The General Dynamics-owned shipyard in Maine’s midcoast “stands ready to fully support the Navy in the design and construction of this important new shipbuilding program,” BIW President Charles F. Krugh, president said in a statement Monday afternoon.
“America’s warfighters deserve the most advanced, lethal and survivable combat ships we can deliver to protect our country and our families,” Krugh said.
BIW has been one of the major shipbuilders for the Navy for more than 140 years, and Krugh said it has the “capacity, capability and engineering expertise” for the job.
What exactly that job will be remains to be seen.
Trump claimed during the announcement at his Mar-a-Lago resort in Florida on Monday that the new fleet will “be the fastest, the biggest, and by far 100 times more powerful than any battleship ever built.”

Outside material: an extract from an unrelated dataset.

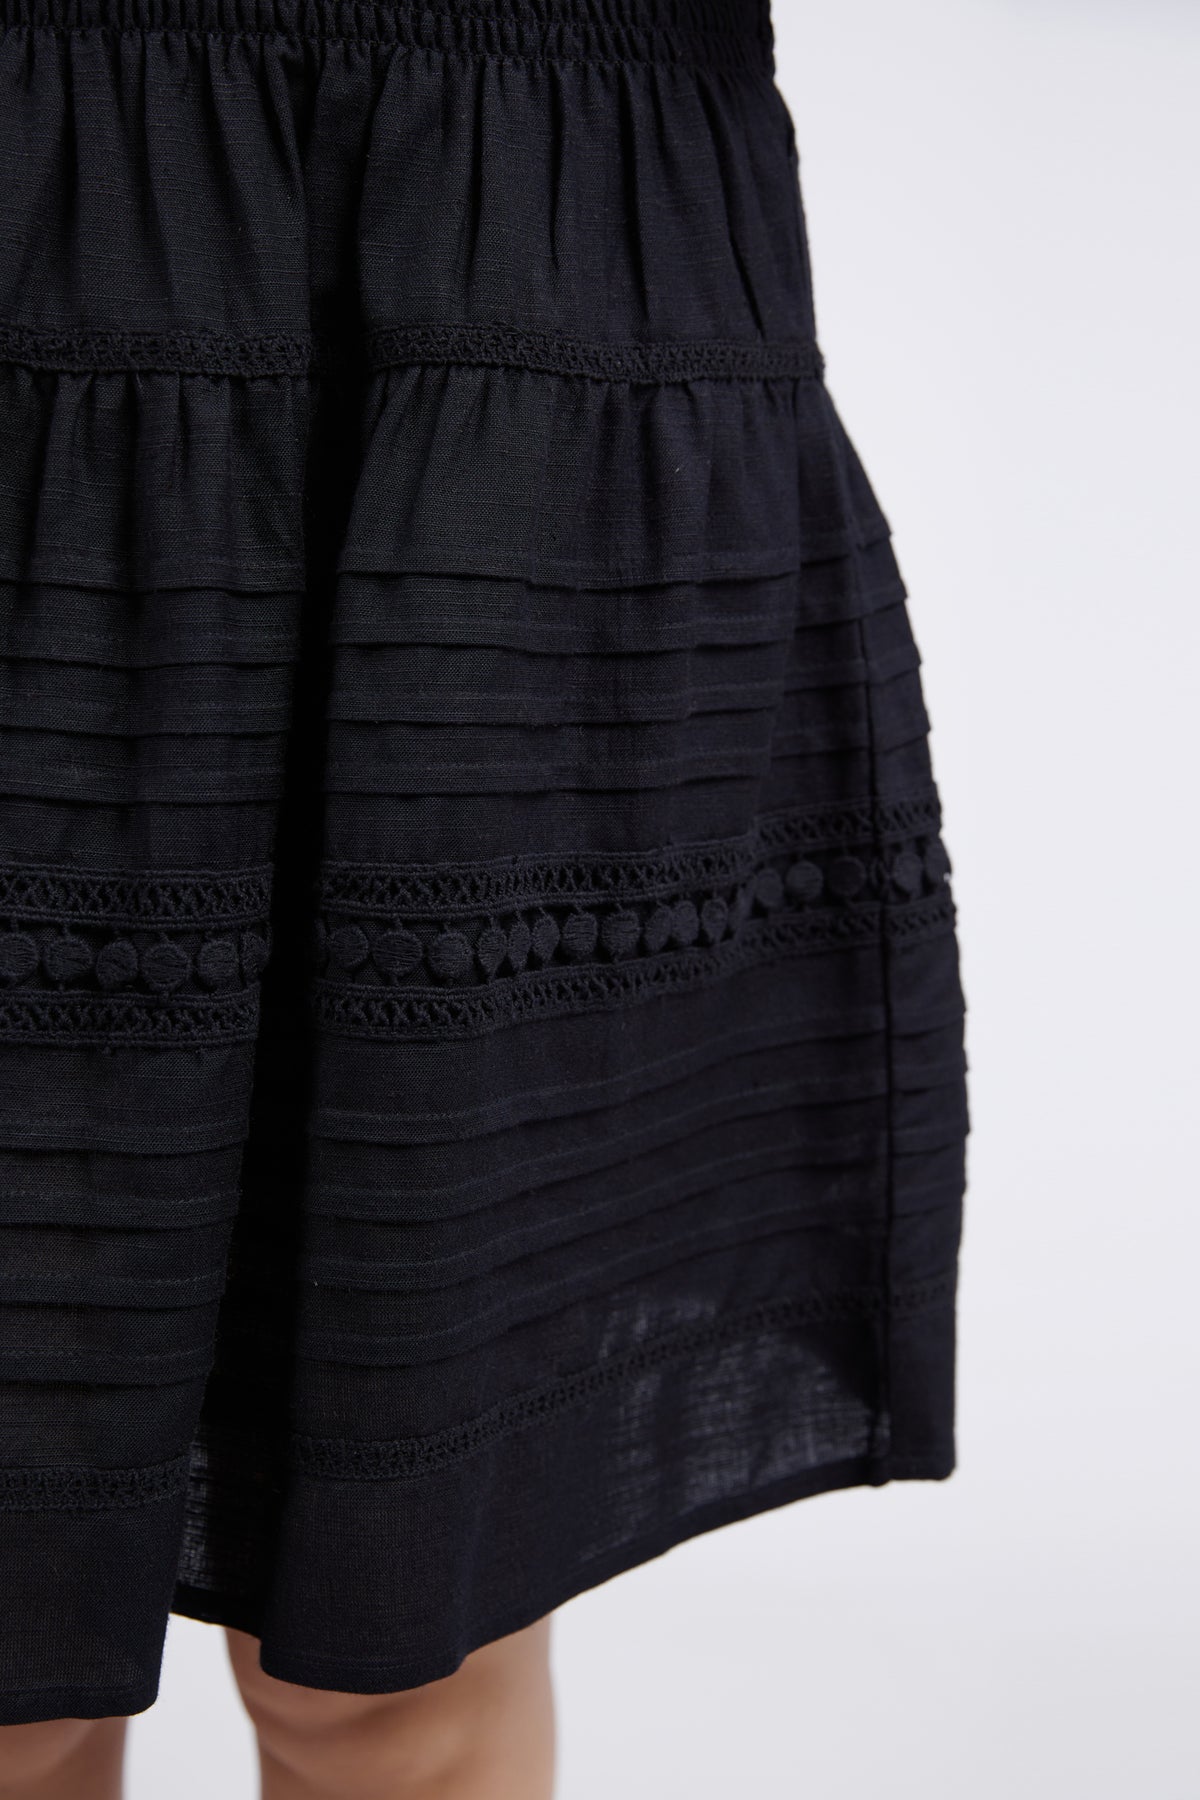 Market Skirt Black

The battleship, according to Trump, will be longer and larger than the World War II-era Iowa-class battleships and will be armed with hypersonic missiles, rail guns, and high-powered lasers — all technologies that are still being developed by the Navy.
A poster displayed at the announcement showed an illustration of a warship overlaid with the words “Trump Class, USS Defiant.”
Just a month ago, the Navy scrapped its plans to build a new, small warship, citing growing delays and cost overruns, deciding instead to go with a modified version of a Coast Guard cutter that was being produced until recently. The sea service has also failed to build its other newly designed ships, like the new Ford-class aircraft carrier and Columbia-class submarines, on time and on budget.
Historically, the term battleship has referred to a specific type of ship — a large, heavily armored vessel armed with massive guns designed to bombard other ships or targets ashore. This type of ship was at the height of prominence during World War II, and the largest of the U.S. battleships, the Iowa-class, were roughly 60,000 tons.
After World War II, the battleship’s role in modern fleets diminished rapidly in favor of aircraft carriers and long-range missiles. The U.S. Navy did modernize four Iowa-class battleships in the 1980s by adding cruise missiles and anti-ship missiles, along with modern radars, but by the 1990s all four were decommissioned.
Trump has long held strong opinions on specific aspects of the Navy’s fleet, sometimes with a view toward keeping older technology instead of modernizing.
During his first term, he unsuccessfully called for the return to steam-powered catapults to launch jets from the Navy’s newest aircraft carriers instead of the more modern electromagnetic system.
He has also complained about the look of the Navy’s destroyers and decried Navy ships being covered in rust.
He said Monday he will have a direct role in designing the new warship.
“The U.S. Navy will lead the design of these ships along with me, because I’m a very aesthetic person,” Trump said.
The Associated Press contributed reporting.